◆ ASSIGNMENT: Without the images, repeat every line of the listing exactly.

◆ DATASET EXCERPT:
________________________________________

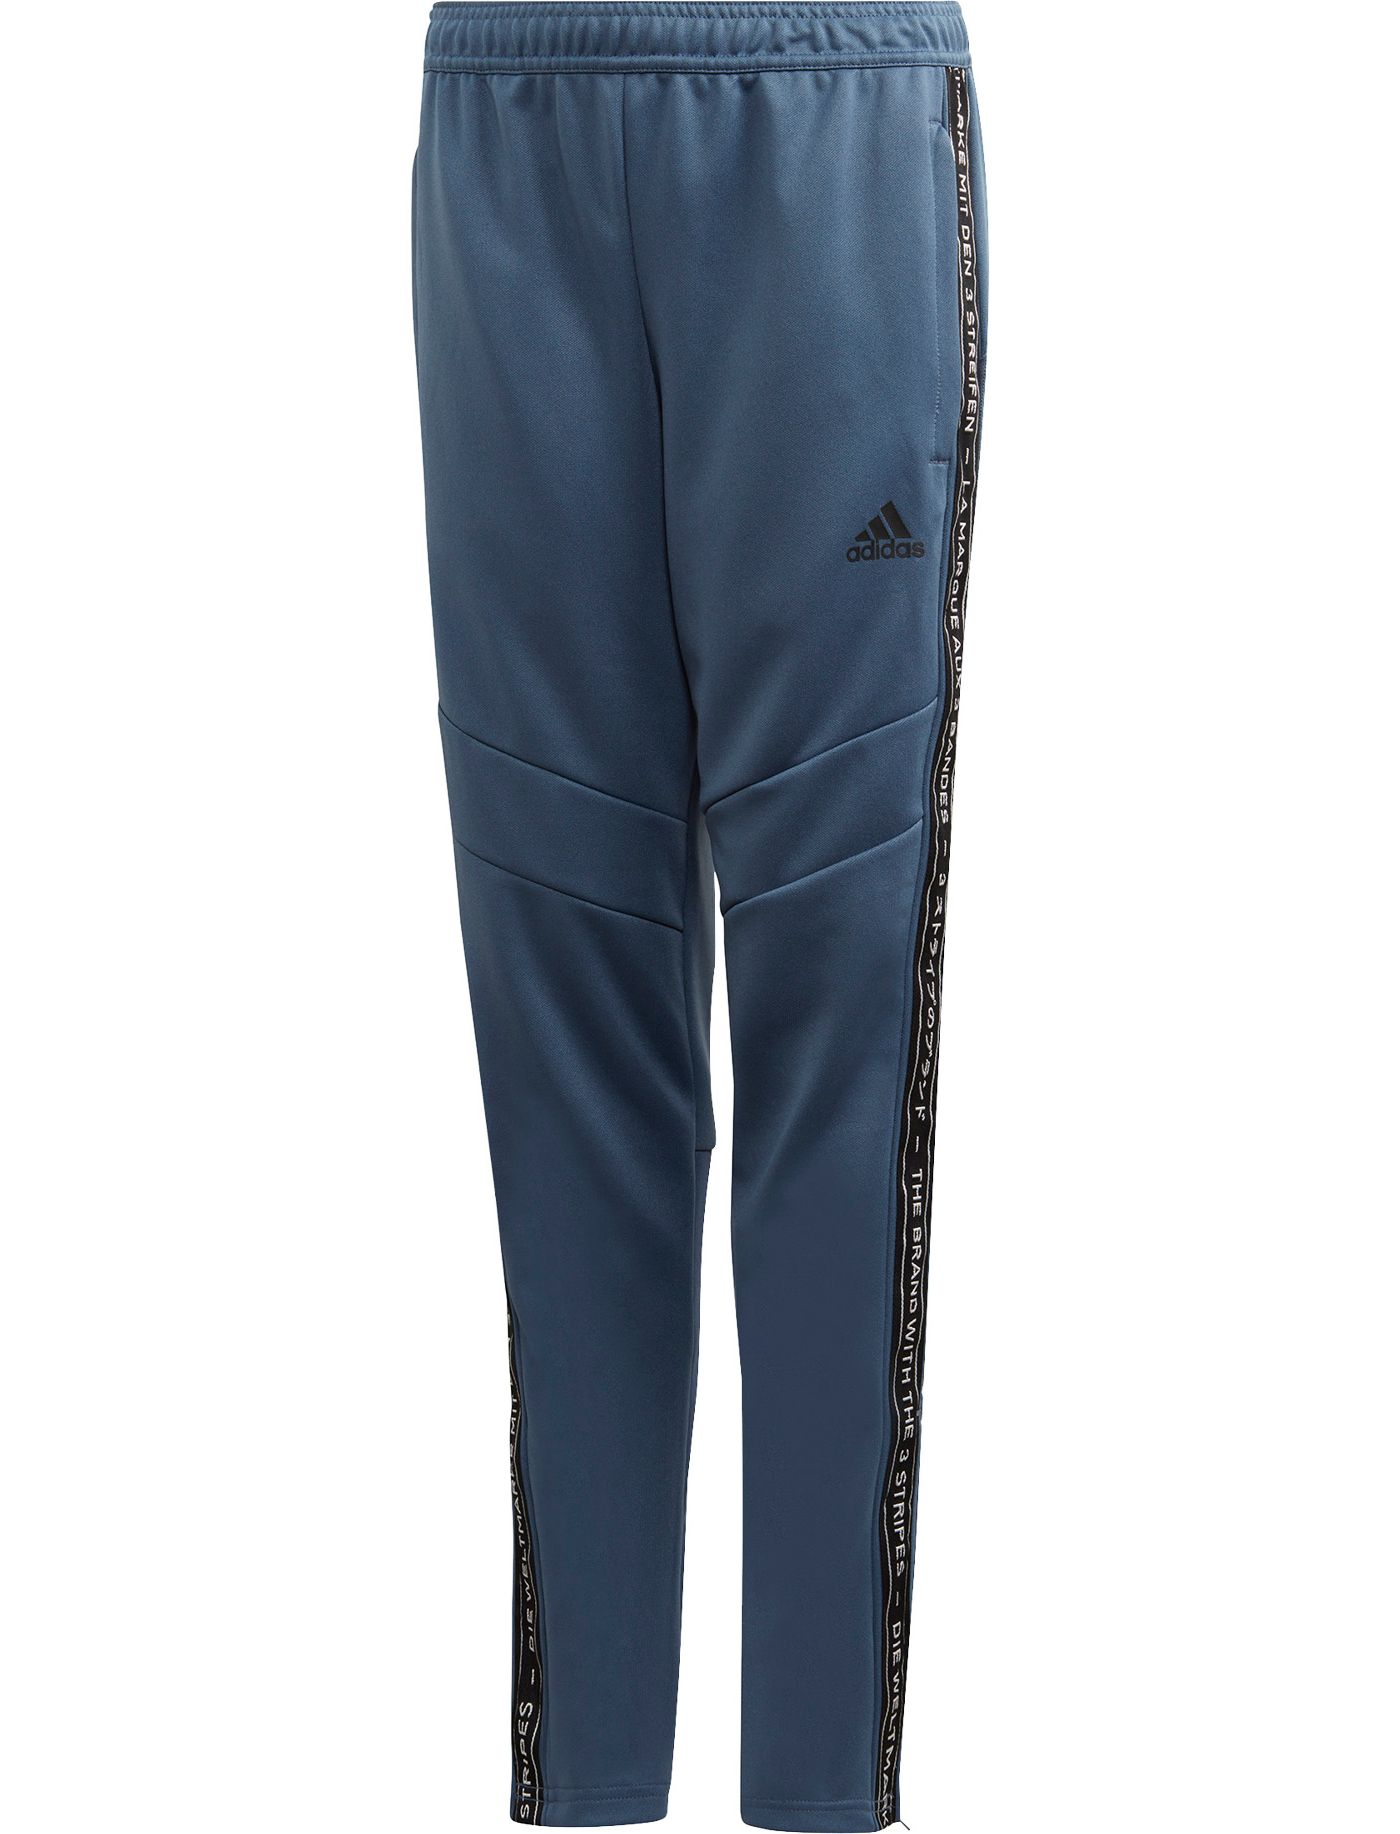 adidas Boys' Tiro 19 Taping Training Pants
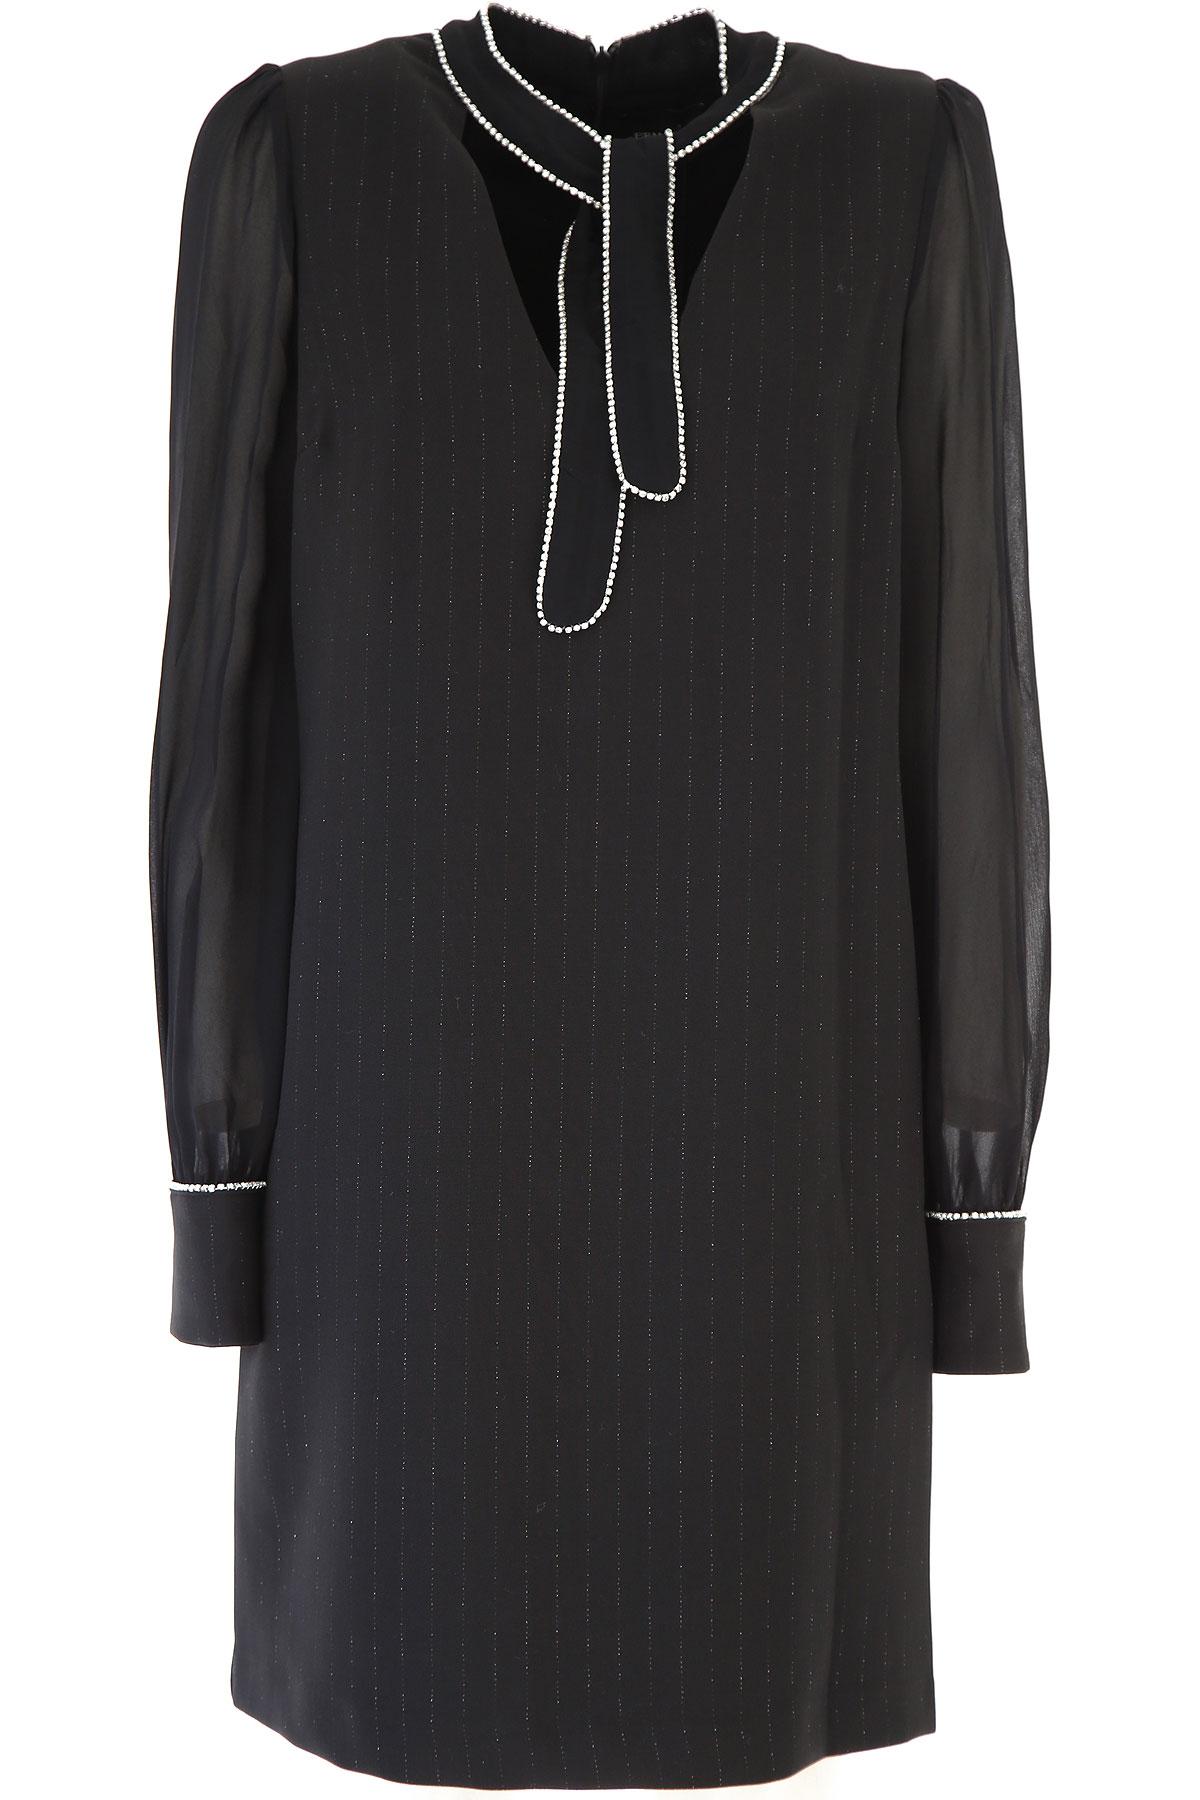 Ermanno Scervino Dress for Women, Evening Cocktail Party On Sale, Black, Viscose, 2019, 4 6 8
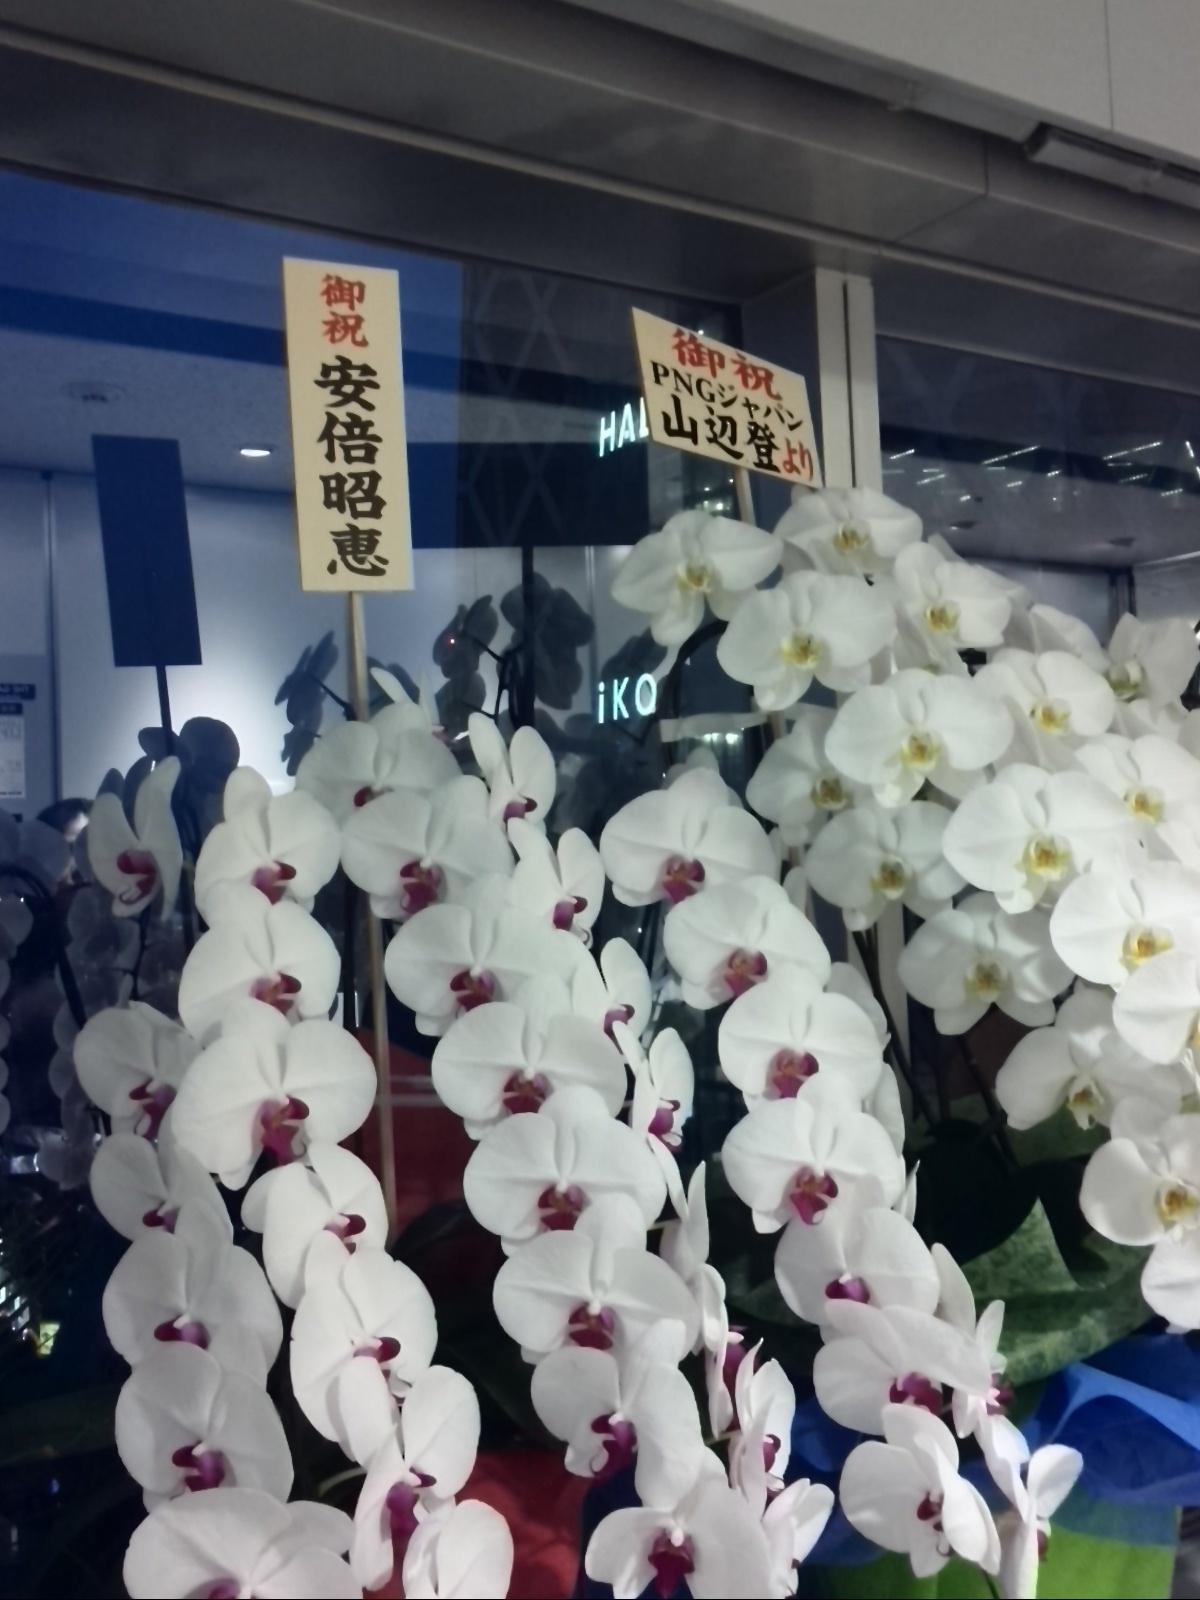 #atelierフォルマーレにてセミナー #高砂淳二写真展 #赤坂おもてなしビアガーデン!_f0340942_23334930.jpg

________________________________________

◆ FINISHED TASK:
 adidas Boys' Tiro 19 Taping Training Pants
 Ermanno Scervino Dress for Women, Evening Cocktail Party On Sale, Black, Viscose, 2019, 4 6 8
 #atelierフォルマーレにてセミナー #高砂淳二写真展 #赤坂おもてなしビアガーデン!_f0340942_23334930.jpg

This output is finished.